Abstract 18042: Induction of Cardiac Reprogramming Following Injury Through Delivery of a Single Factor, PHF7

Abstract

Direct reprogramming of resident cardiac fibroblasts into cardiomyocytes is an attractive strategy to restore cardiac function following myocardial infarction (MI). However, canonical and extensively studied reprogramming factors (e.g. Gata4, Mef2c, Tbx5) have shown to be ineffective in reprogramming adult human fibroblasts. Furthermore, current human cocktails require an excess of factors, limiting the clinical translation and safety of this technology. Recently, we undertook a large screen of gene regulatory factors and identified the epigenetic factor PHF7 as the most potent activating factor of adult human fibroblast reprogramming, and described its ability to bind and modify chromatin accessibility at cardiac super enhancers. In this manuscript, we describe the ability of PHF7 to activate adult reprogramming in vitro in absence of canonical reprogramming factors, with PHF7, MEF2C, and TBX5 (PMT) or PHF7 and TBX5 (PT) alone. These minimalist PHF7 cocktails induced broad and unique cardiac transcriptomes in comparison to canonical cocktails. Importantly, when overexpressed in isolation in fibroblasts, PHF7 strongly activated expression of several cardiac transcription factors, establishing its role as a cardiac master regulator.
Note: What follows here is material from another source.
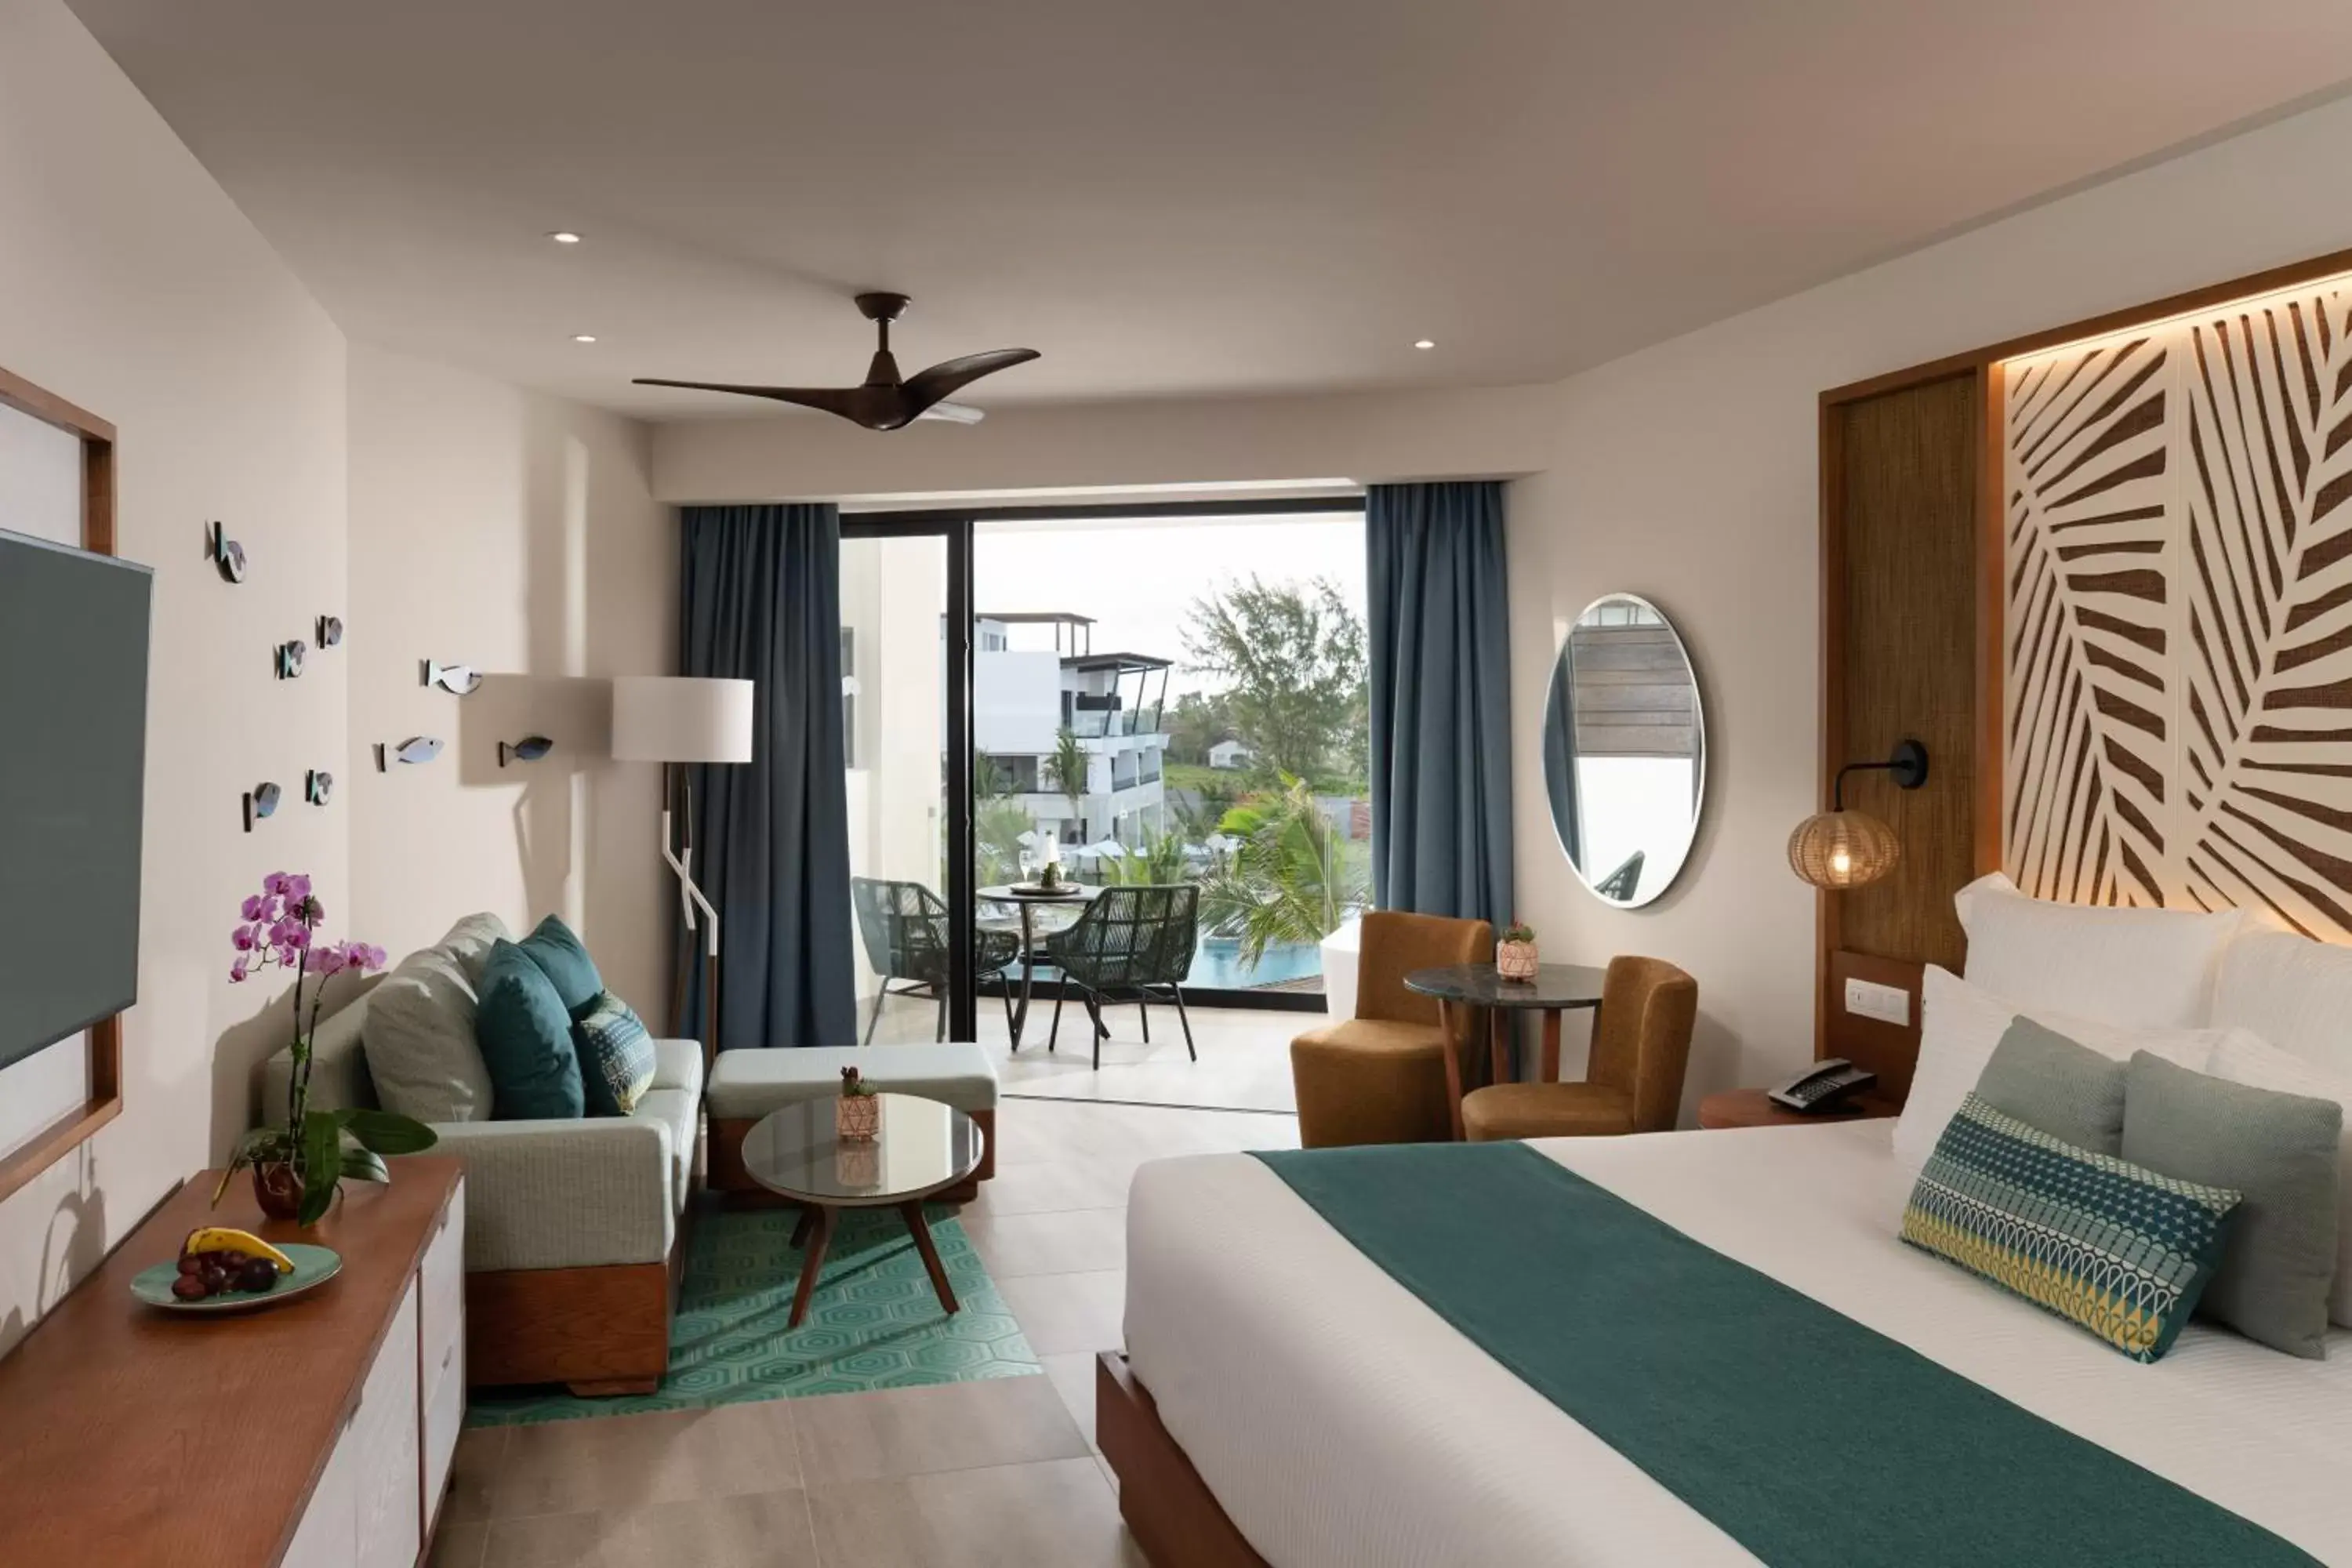 Bedroom in Dreams Macao Beach Punta Cana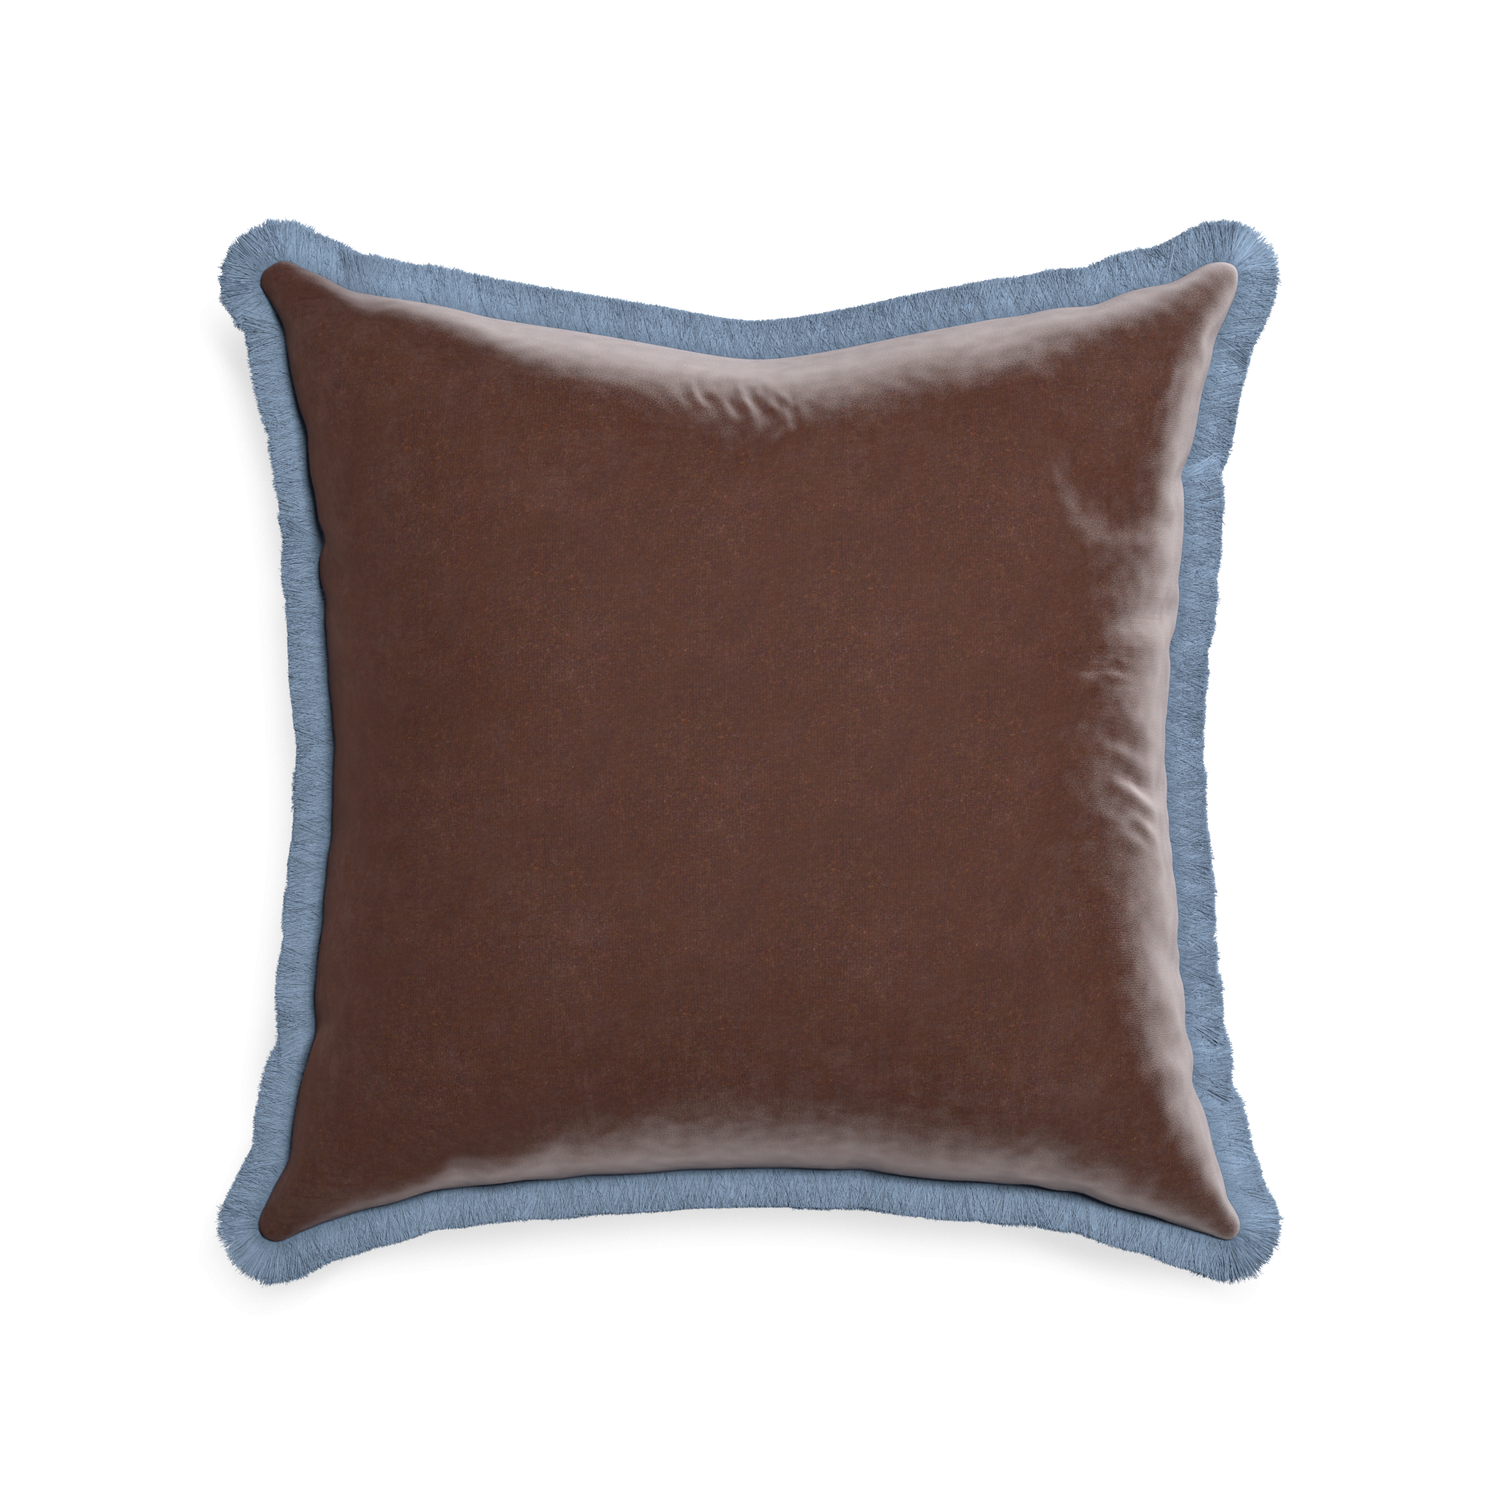 square brown velvet pillow with sky blue fringe

When delivered to the mouse heart following MI, minimalist PHF7 cocktails were found to significantly recover cardiac function and decrease fibrotic scar formation. Interestingly, delivery of PHF7 alone following MI was sufficient to improve cardiac function and induce remodeling through activation of bona fide reprogramming events in vivo as determined by genetic tracing of the Postn MCM lineage. Here, we report for the first time the ability of a single reprogramming factor, PHF7, to induce fibroblast to cardiomyocyte reprogramming and recover cardiac function following injury in vivo.